Exercise details: The reply should contain every line of the data, repeated exactly, and no pictures.

Information supplied:
○ ○ ○ ○ ○ ○ ○

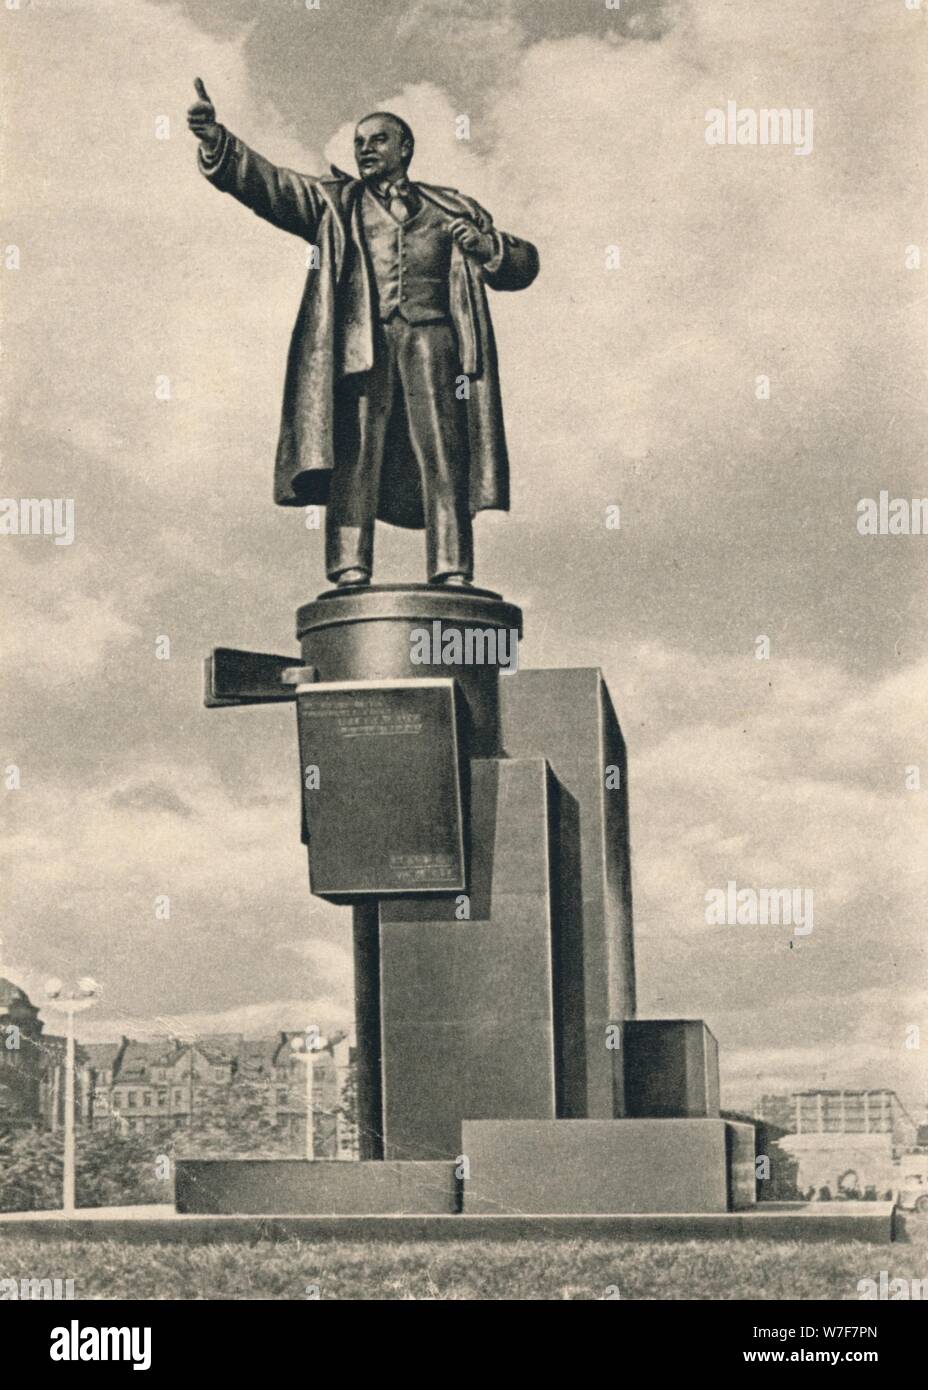 Enkmal zu Lenin durch Evseev, Shchuko und Gelfrejh, in St. Petersburg, Russland', c 1926. Künstler: Sergey Evseev, Vladimir Shchuko, Wladimir Gelfreich. Stockfoto
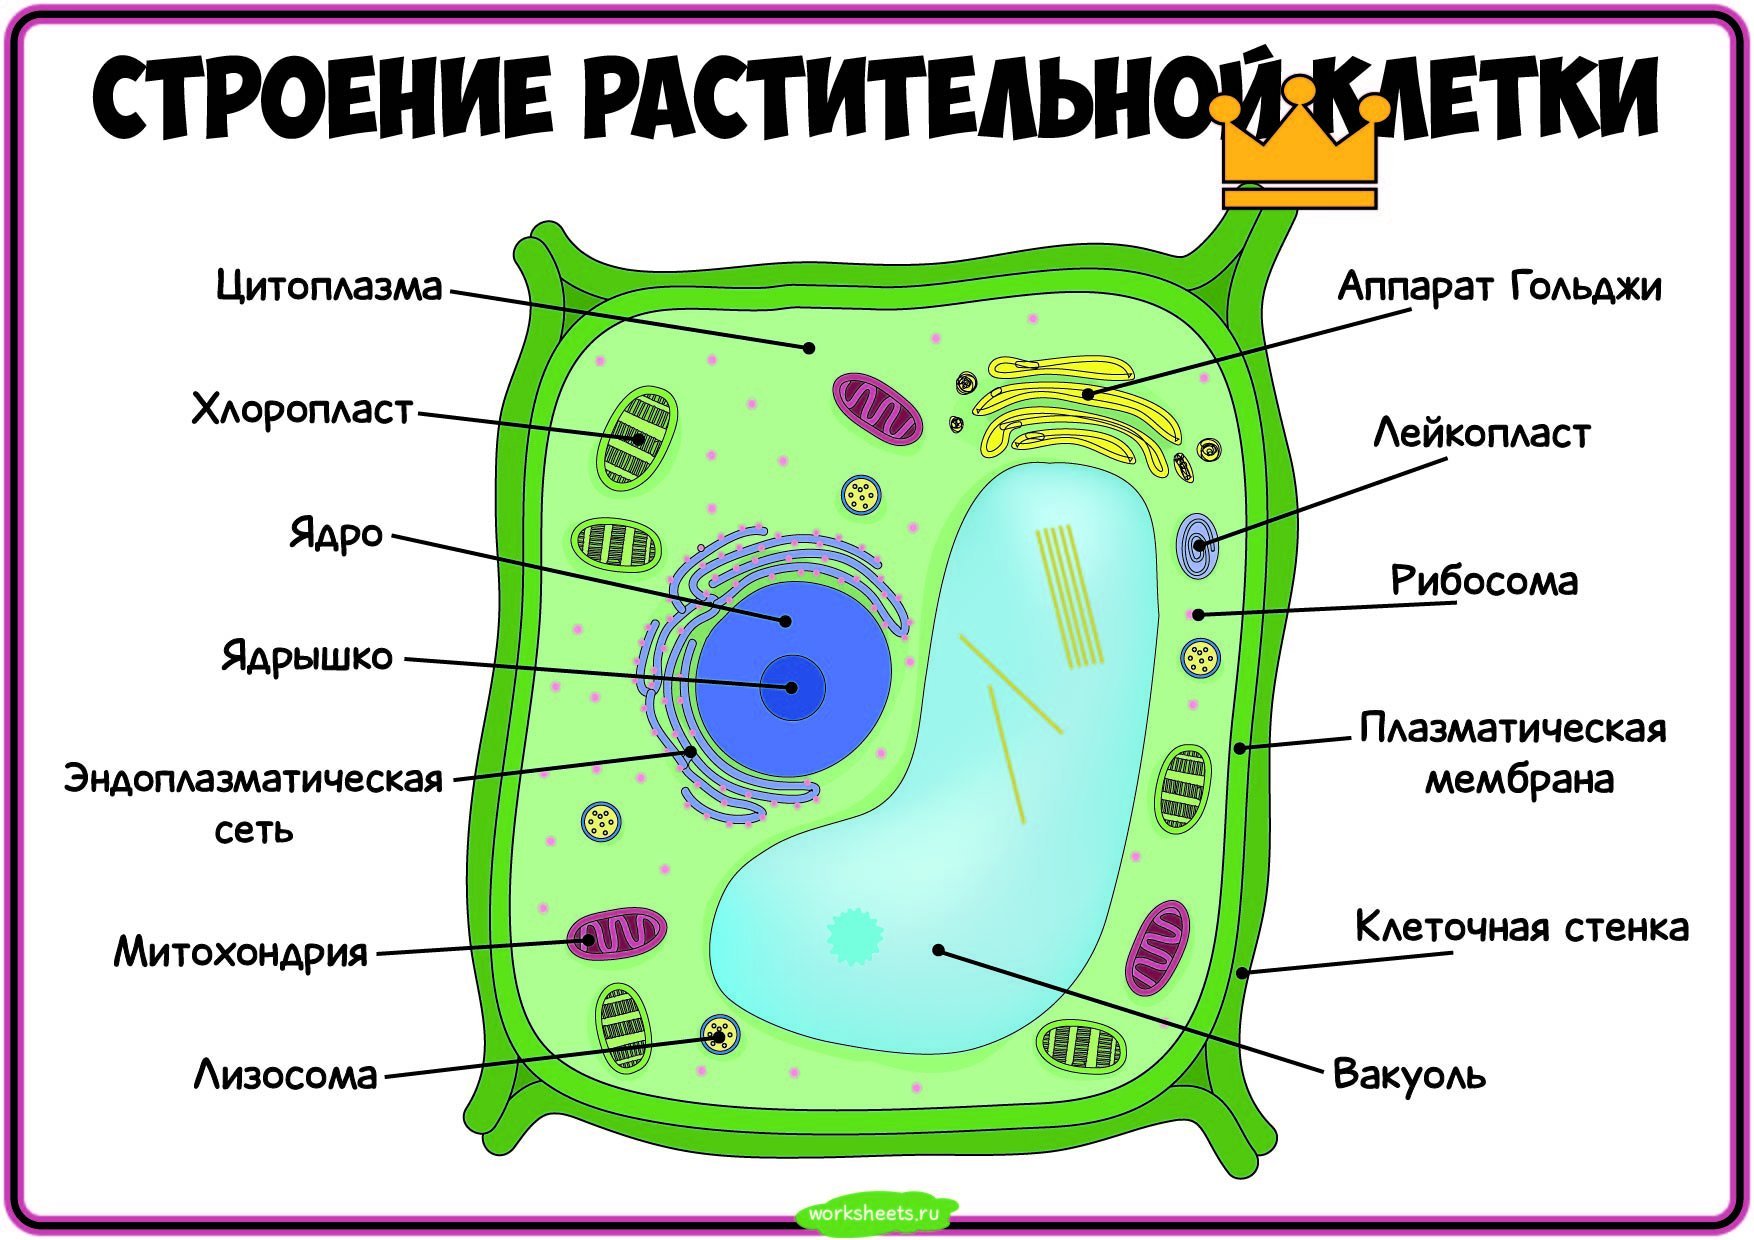 Клетка пояснение. Строение эукариотической клетки клетки растения. Строение растительной клетки 6 кл. Строение растительной клетки ботаника. Структура клетки растения биология 6 класс.
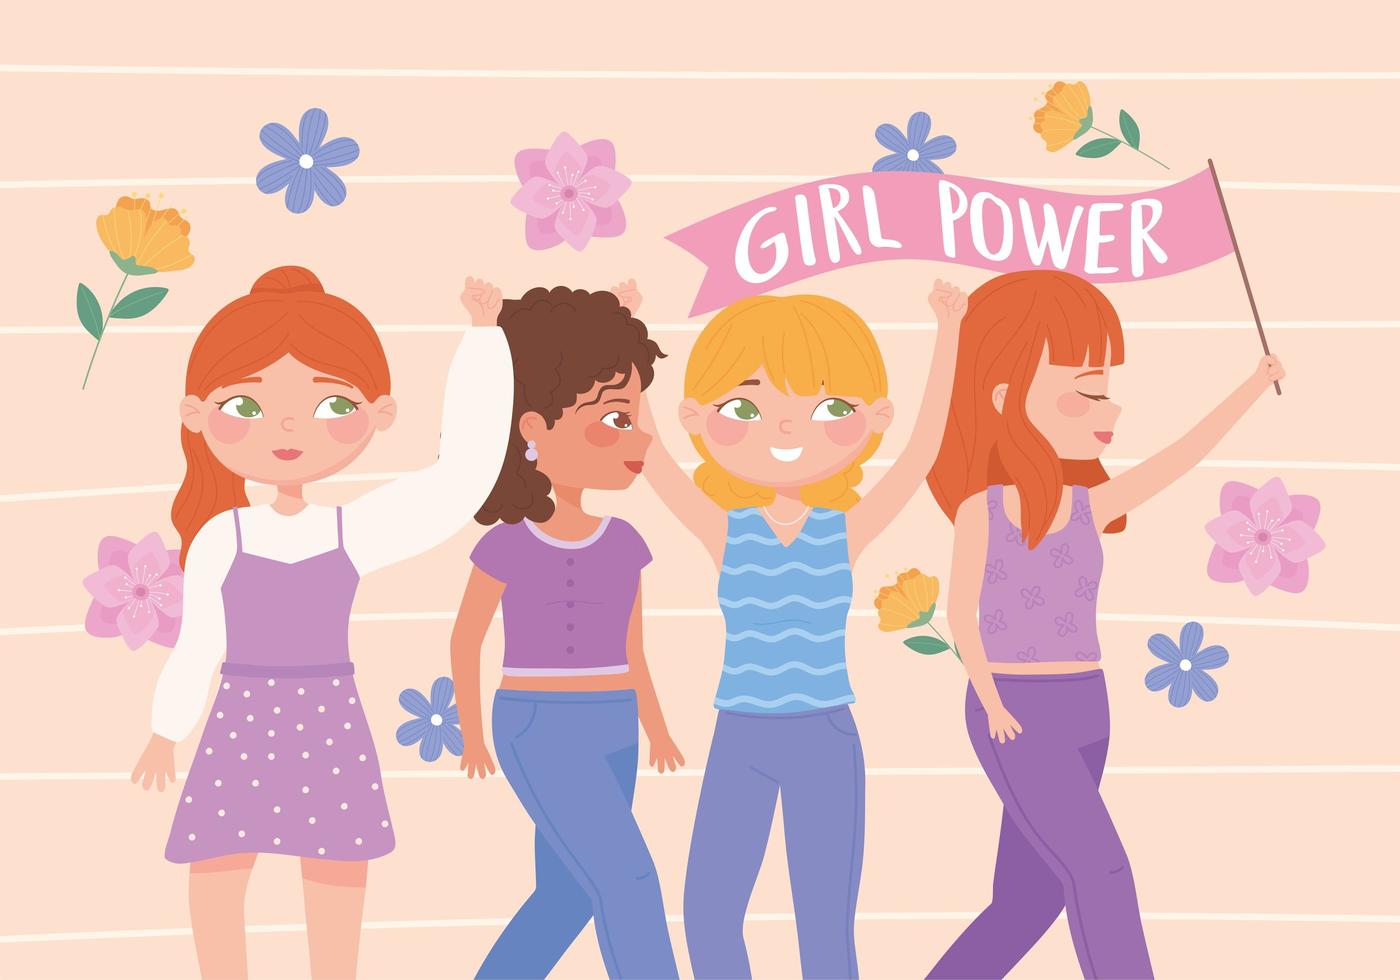 día de la mujer, poder de las niñas, ideas feministas, empoderamiento de la mujer vector

○ ○ ○ ○ ○ ○ ○

Answer below:
 Enkmal zu Lenin durch Evseev, Shchuko und Gelfrejh, in St. Petersburg, Russland', c 1926. Künstler: Sergey Evseev, Vladimir Shchuko, Wladimir Gelfreich. Stockfoto
 Клетка пояснение. Строение эукариотической клетки клетки растения. Строение растительной клетки 6 кл. Строение растительной клетки ботаника. Структура клетки растения биология 6 класс.
 día de la mujer, poder de las niñas, ideas feministas, empoderamiento de la mujer vector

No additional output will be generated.